Introduction
What are digital inhalers?
Why digital inhalers?
Will digital inhalers make physicians obsolete?
Obstacles and future outlook
References
Further reading
Digital therapeutics enable personalized chronic illness management and unmatched patient health and treatment compliance monitoring. Digital health uses technology to help people manage diseases, decrease health risks, and improve health and well-being.
Digital inhalers are a huge opportunity for clinical pharmacy. Chronic respiratory illness sufferers have long relied on inhalers. Their ability to deliver medicine directly to the lungs and prevent systemic side effects makes them an appealing therapy choice.
Health care practitioners still encounter issues treating asthma and COPD (COPD).

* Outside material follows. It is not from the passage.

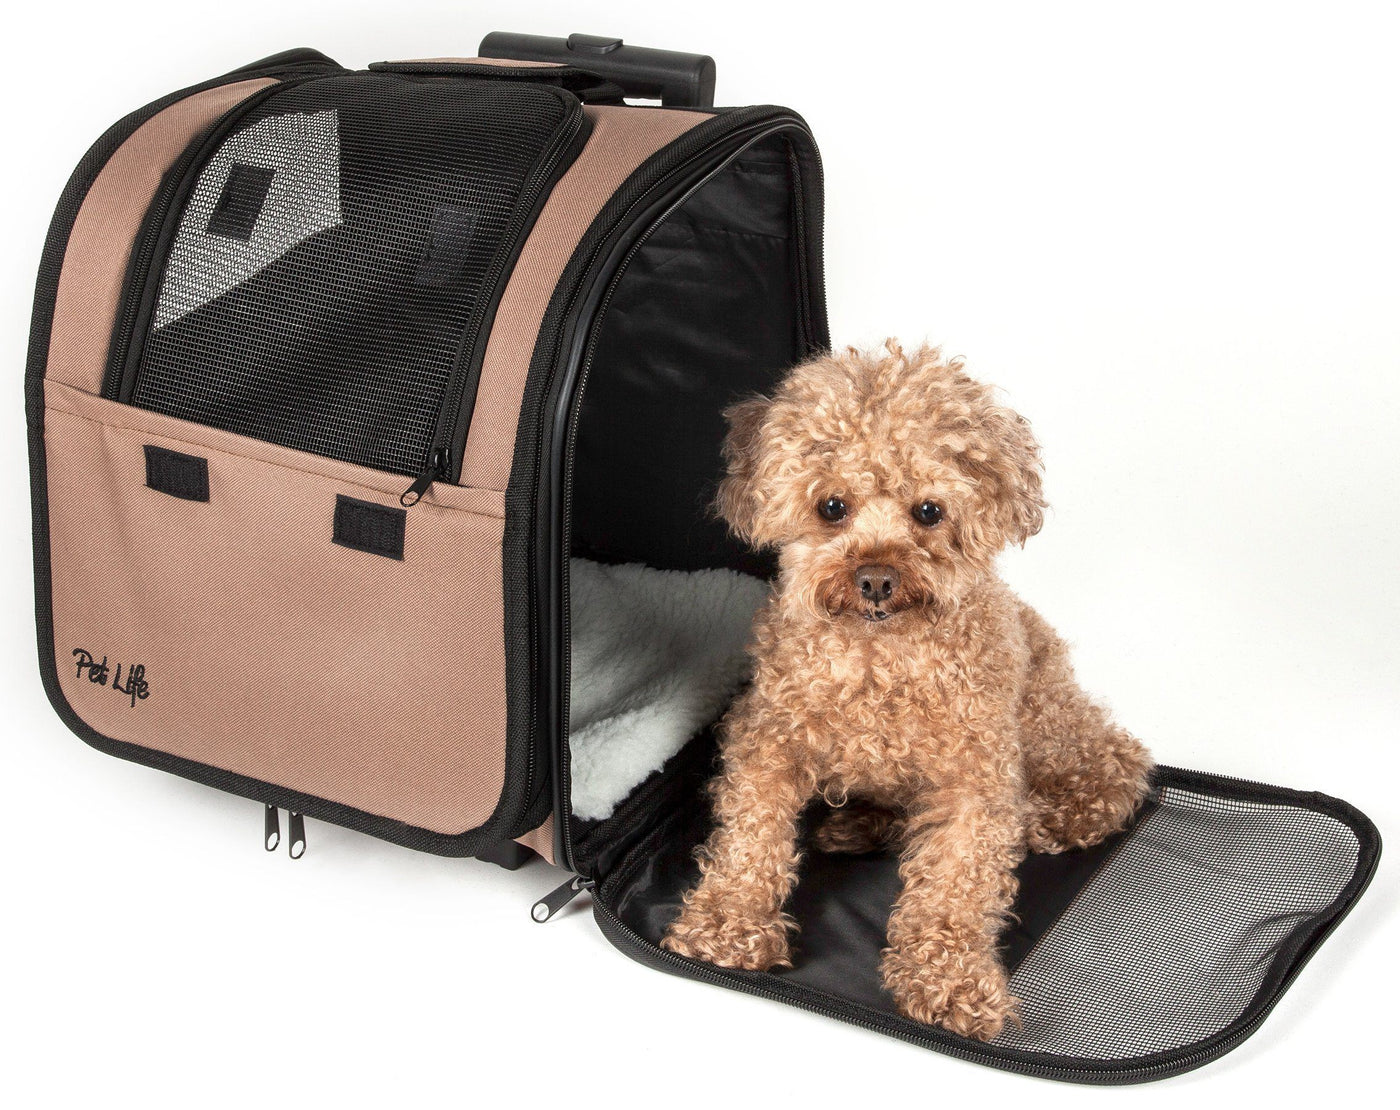 CS STORE Pet Carrier - Airline Approved Dog Carrier with Wheels
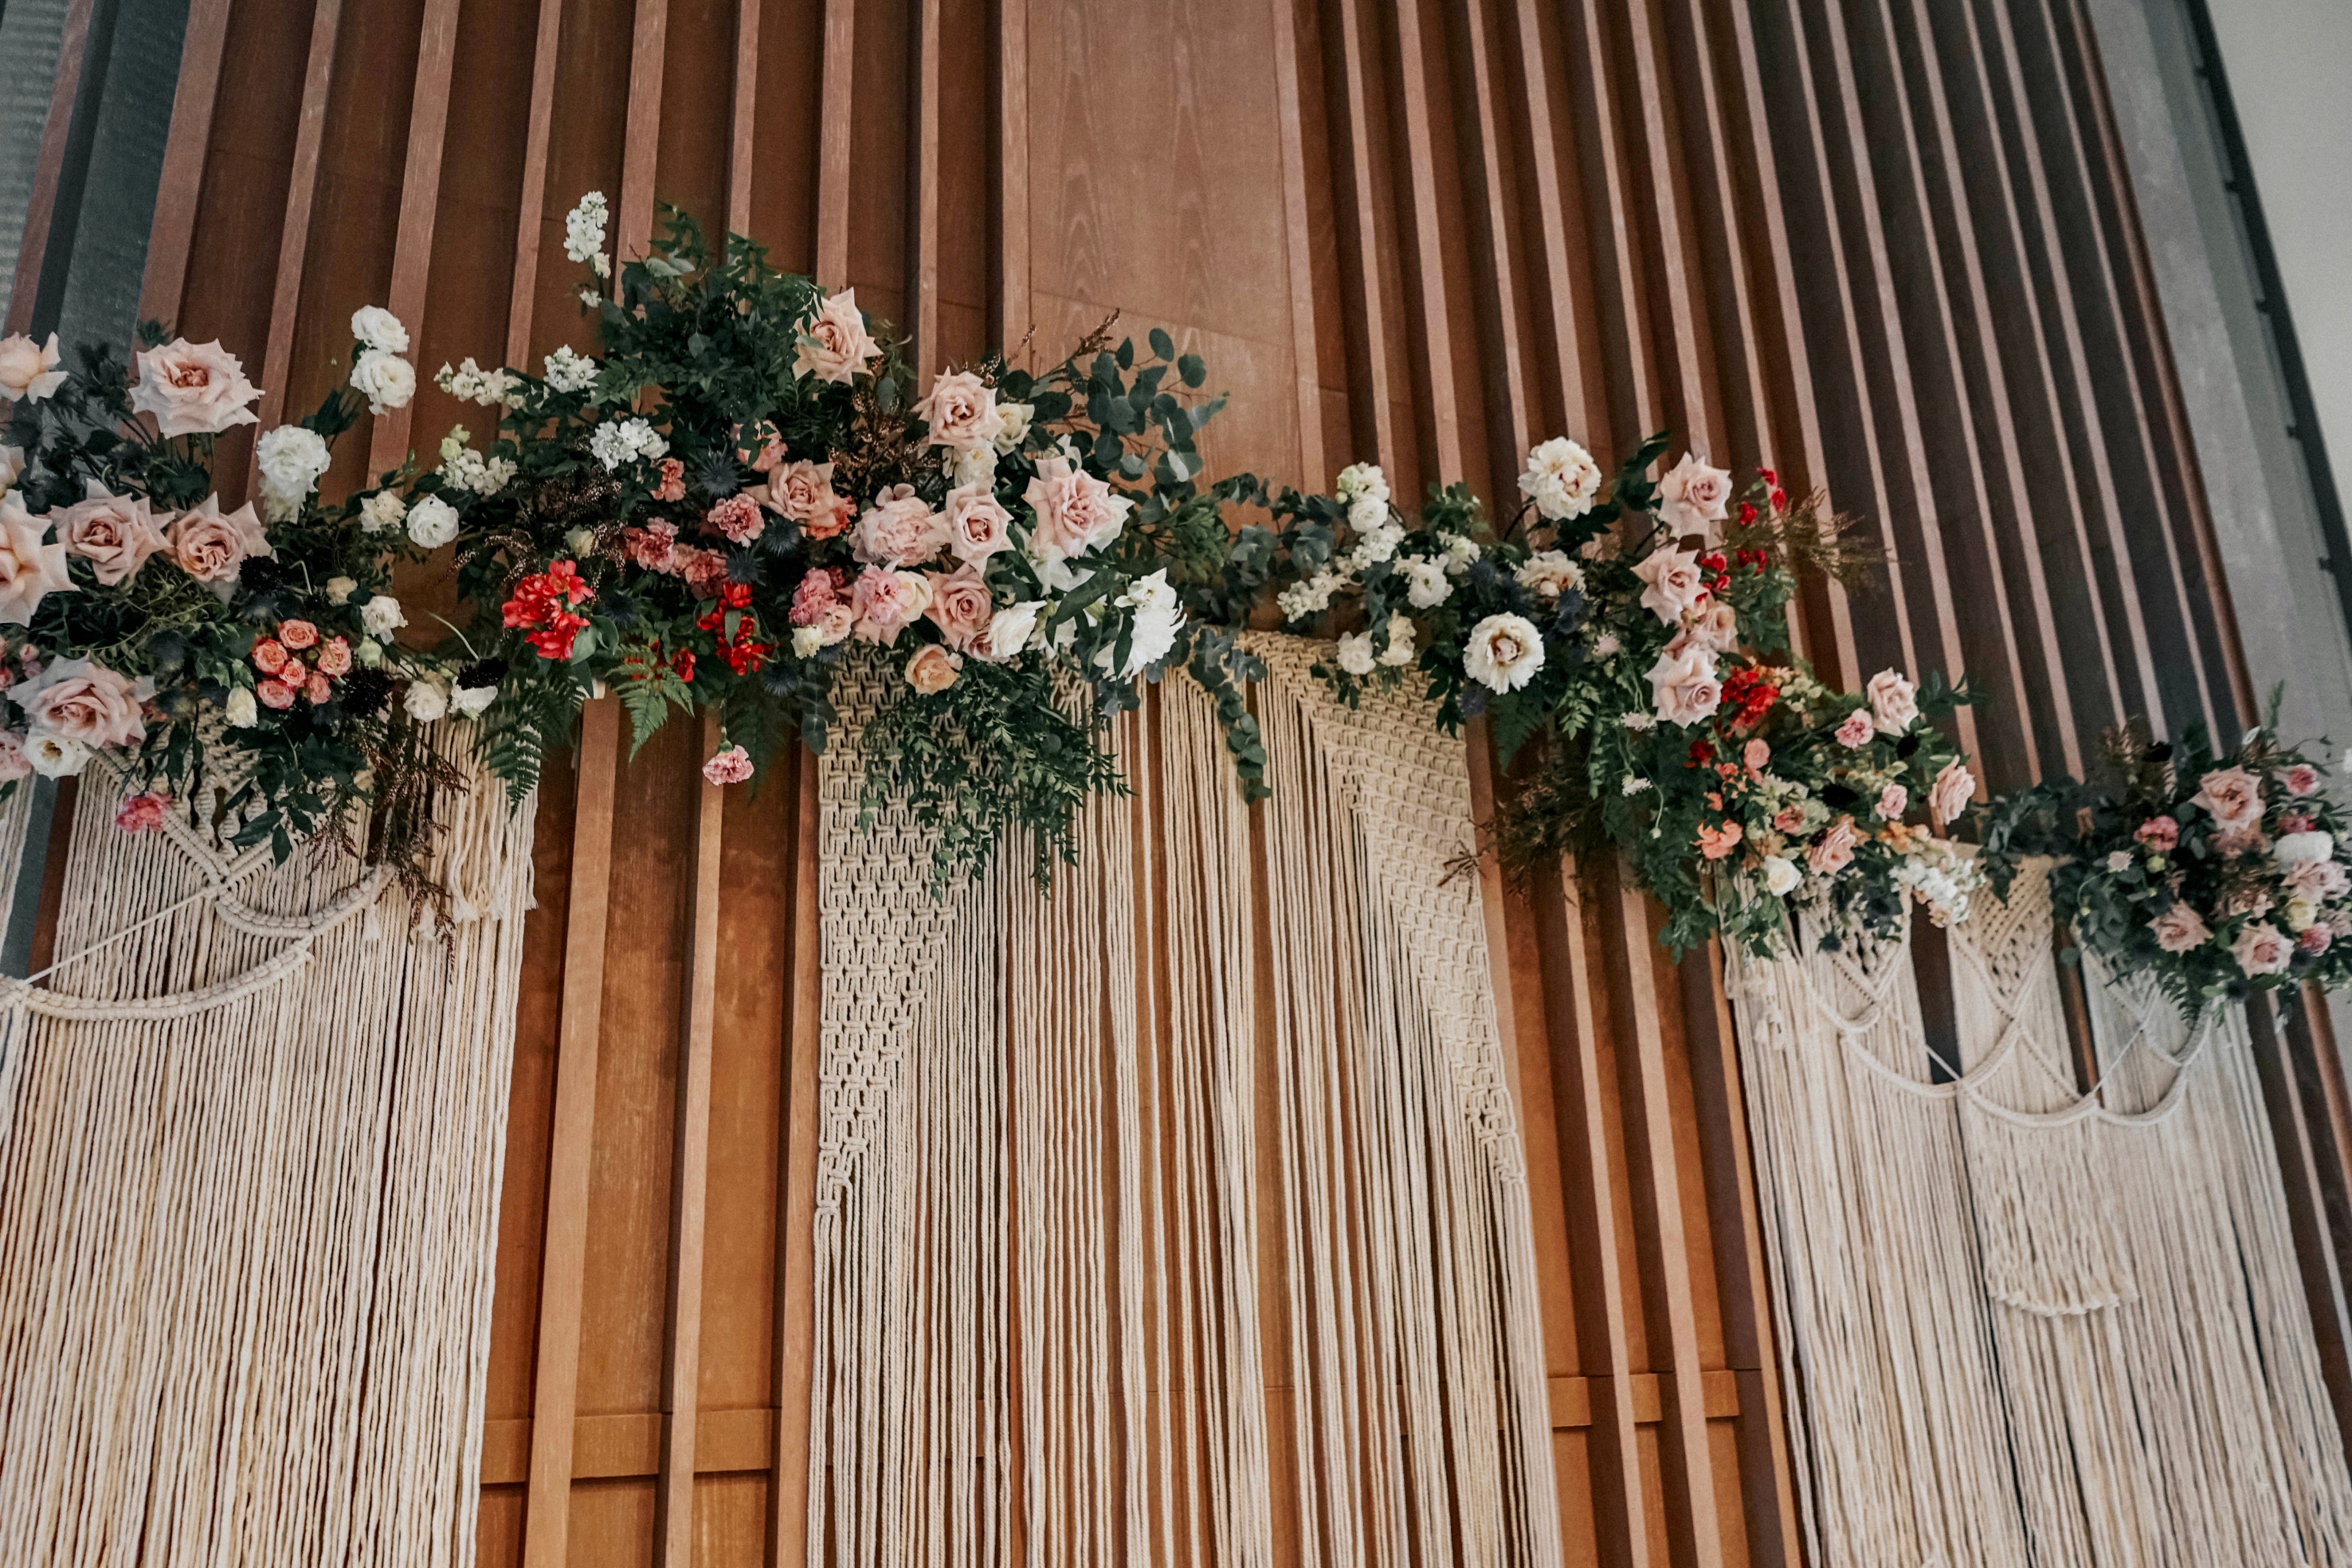 Macrame backdrop and flowers arranged above VIP table for an Andaz Hotel wedding reception

Incorrect technique and poor adherence might reduce inhaler effectiveness. Incorrect inhaler technique and non-adherence are linked to increasing dyspnea, health condition impairment, and exacerbations.

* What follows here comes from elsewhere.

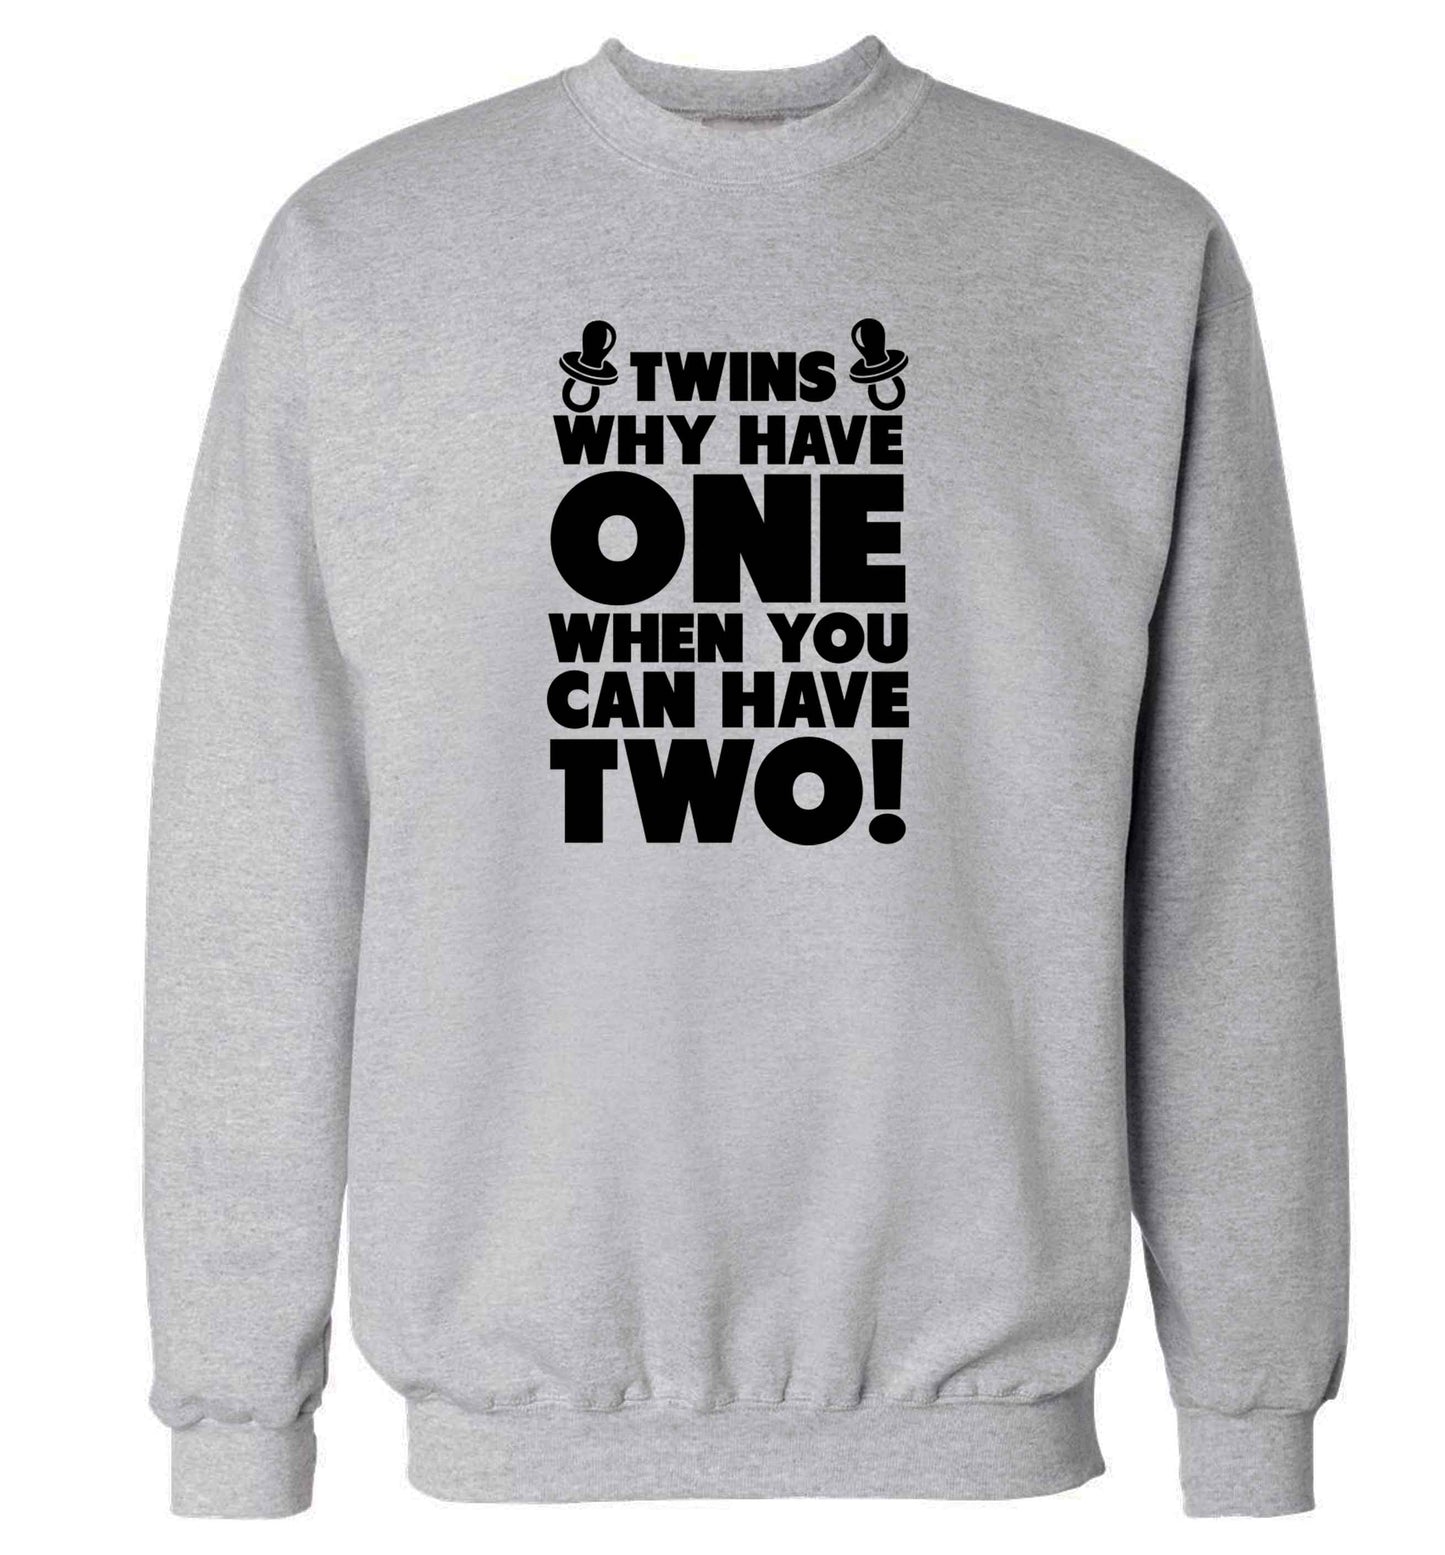 Twins why have one when you can have two adult's unisex grey sweater 2XL

Inhalation treatment for patients with asthma and chronic obstructive pulmonary disease (COPD) has advanced dramatically in recent years. Aerosol treatments are critical for treating obstructive lung illnesses, which impact almost 15% of the world's population. This article will explore the functionality and use of digital inhalers.
Inhaled treatments are among the most difficult therapeutic modalities for chronic illness patients to self-administer. Specific breathing maneuvers that are synchronized with the discharge of aerosol from the inhaler are required for optimal inhaler treatment.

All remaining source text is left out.